The stakes are enormous. By any statistical measure, income inequality—both in California and the rest of the United States—has been growing steadily for 30 years, and its effects are corrosive across all sectors of society. Researchers say those who live in more unequal societies suffer worse health outcomes and live shorter lives. They deal with mental and emotional issues in disproportionate numbers. Their children have more difficulties in school.

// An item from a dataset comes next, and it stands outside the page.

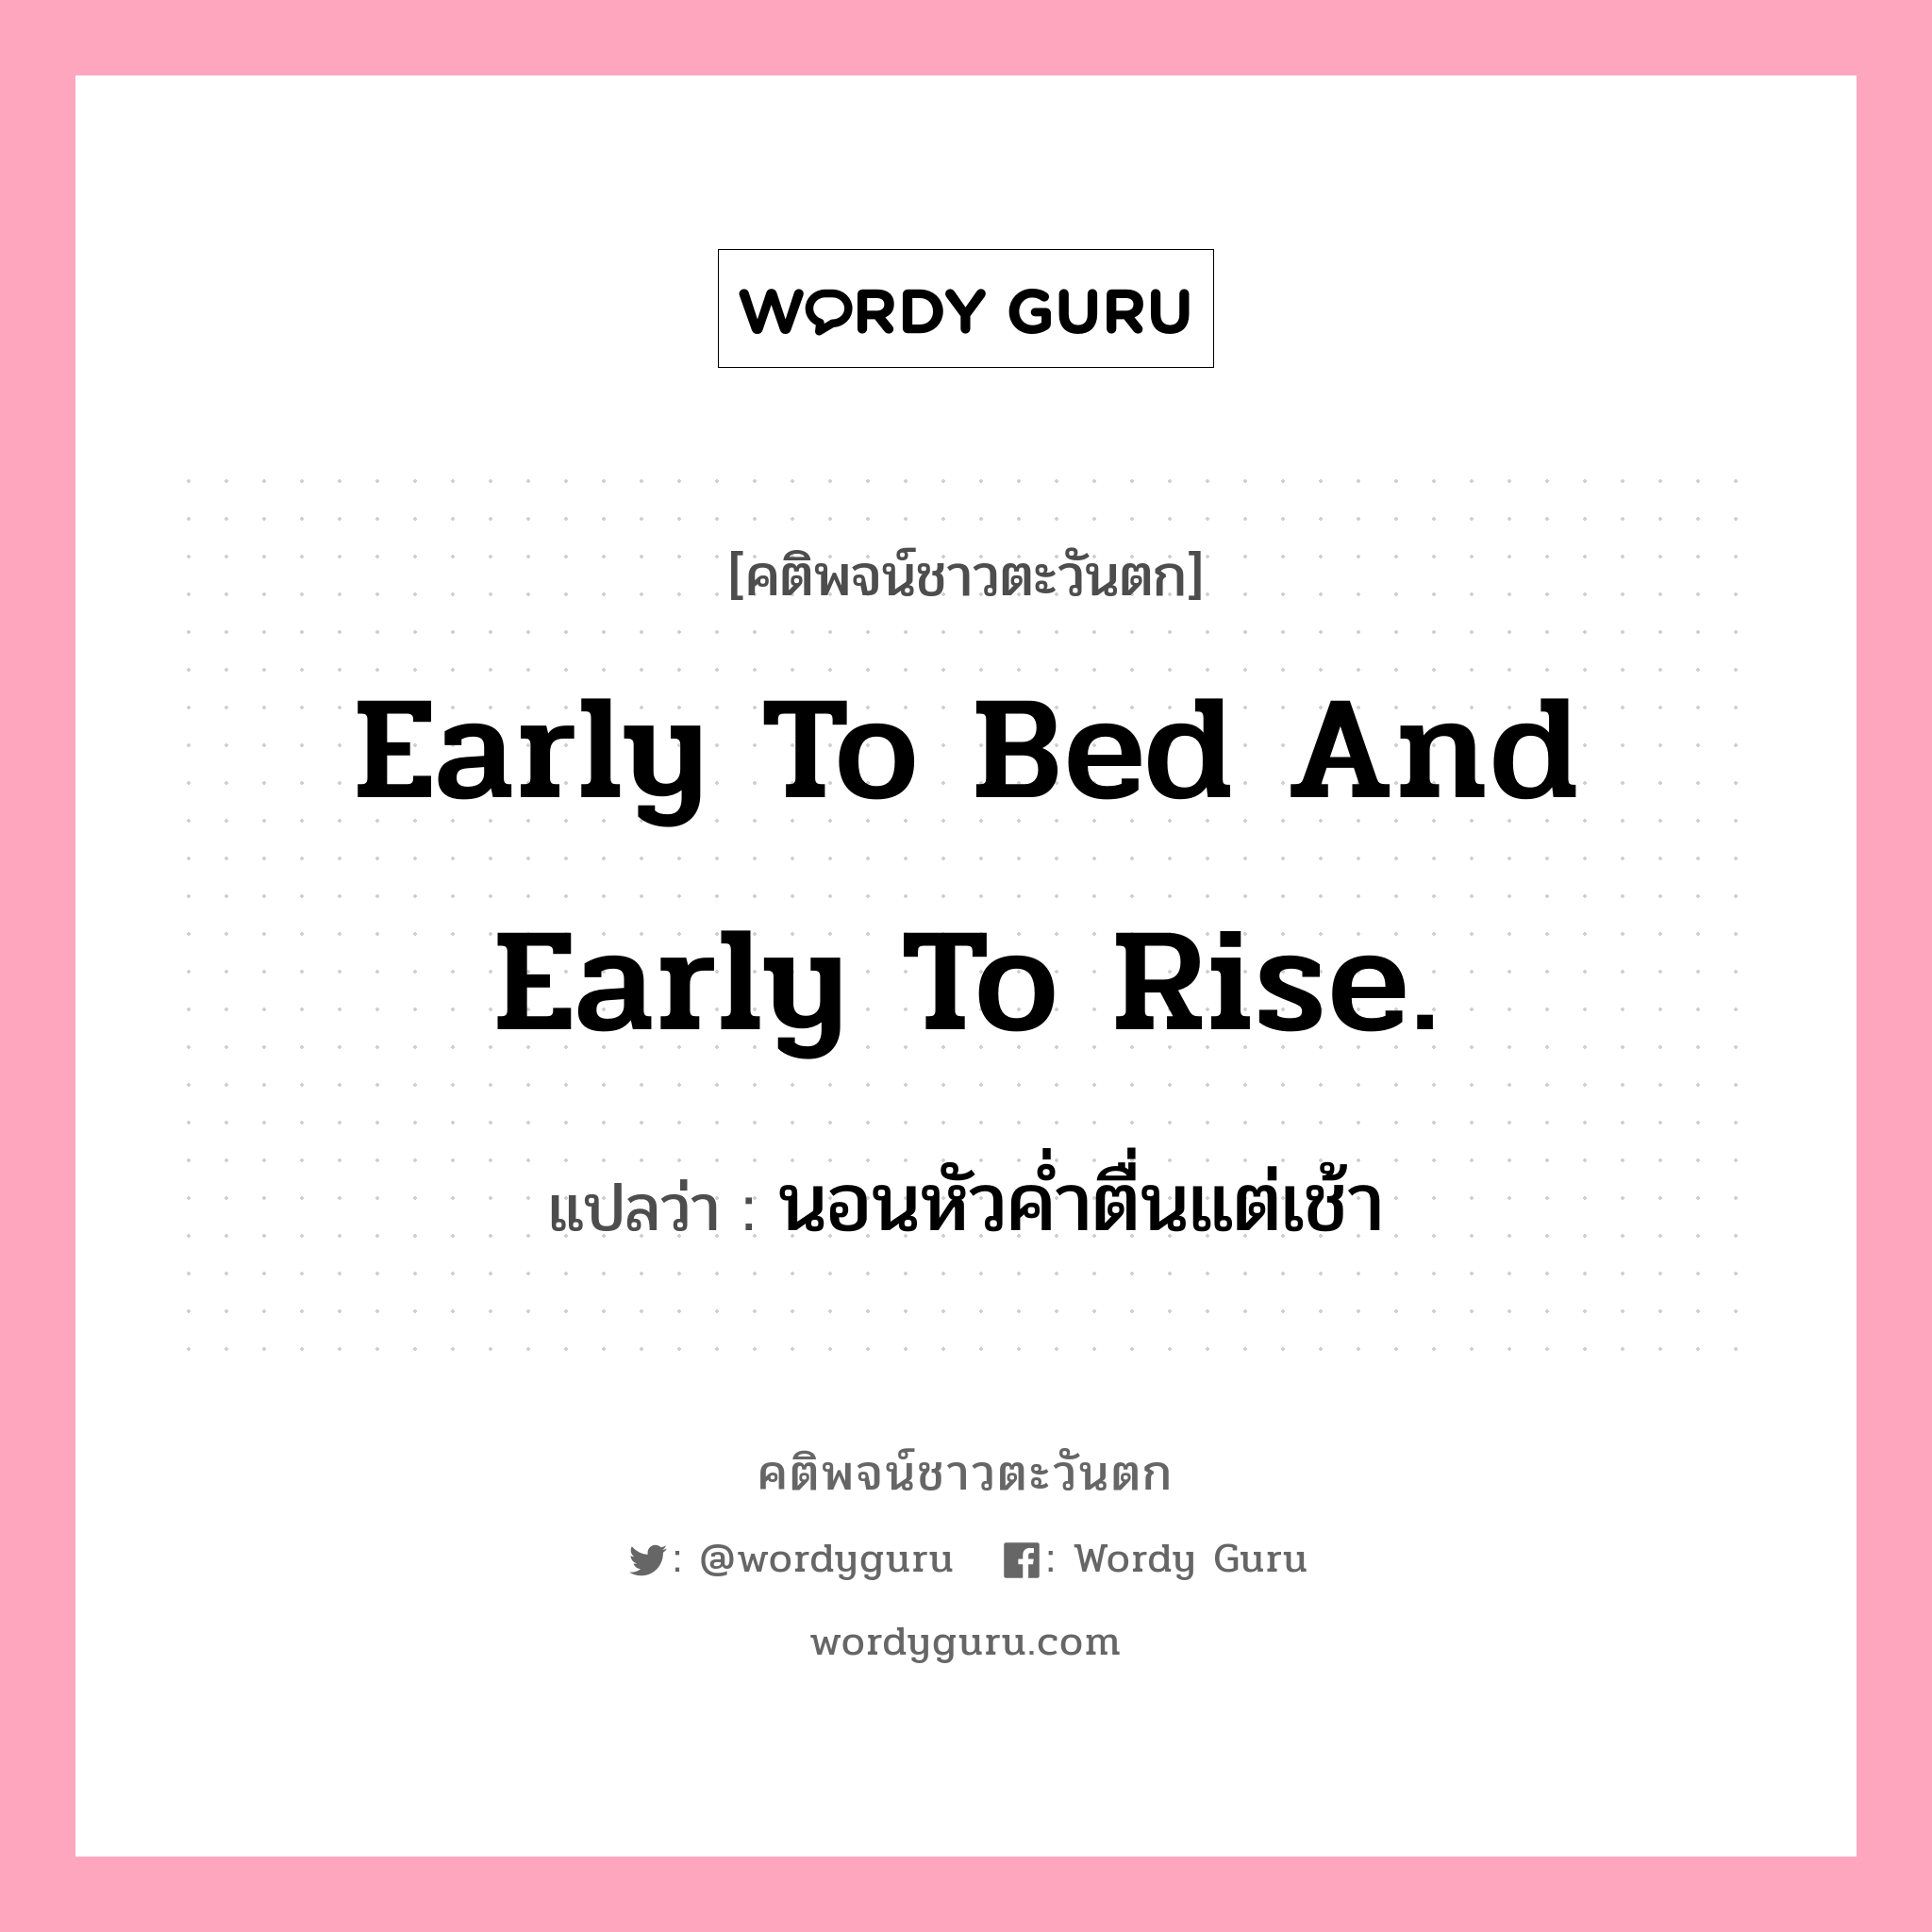 Early to bed and early to rise., คติพจน์ชาวตะวันตก Early to bed and early to rise. แปลว่า นอนหัวค่ำตื่นแต่เช้า

Income inequality also holds back economic growth. Those struggling to afford necessities aren’t spending on the big-ticket items billionaires sell, and they often incur debts they can’t repay. Their children are being denied the kind of expensive educational opportunities that could lead them to better, better-paying jobs, allowing them to contribute more to the economy. A cycle of near-poverty occurs, and research shows that it ends up harming society as a whole, leading to a decline in the country’s gross domestic product.
California is the state with both the most billionaires and the highest poverty rate.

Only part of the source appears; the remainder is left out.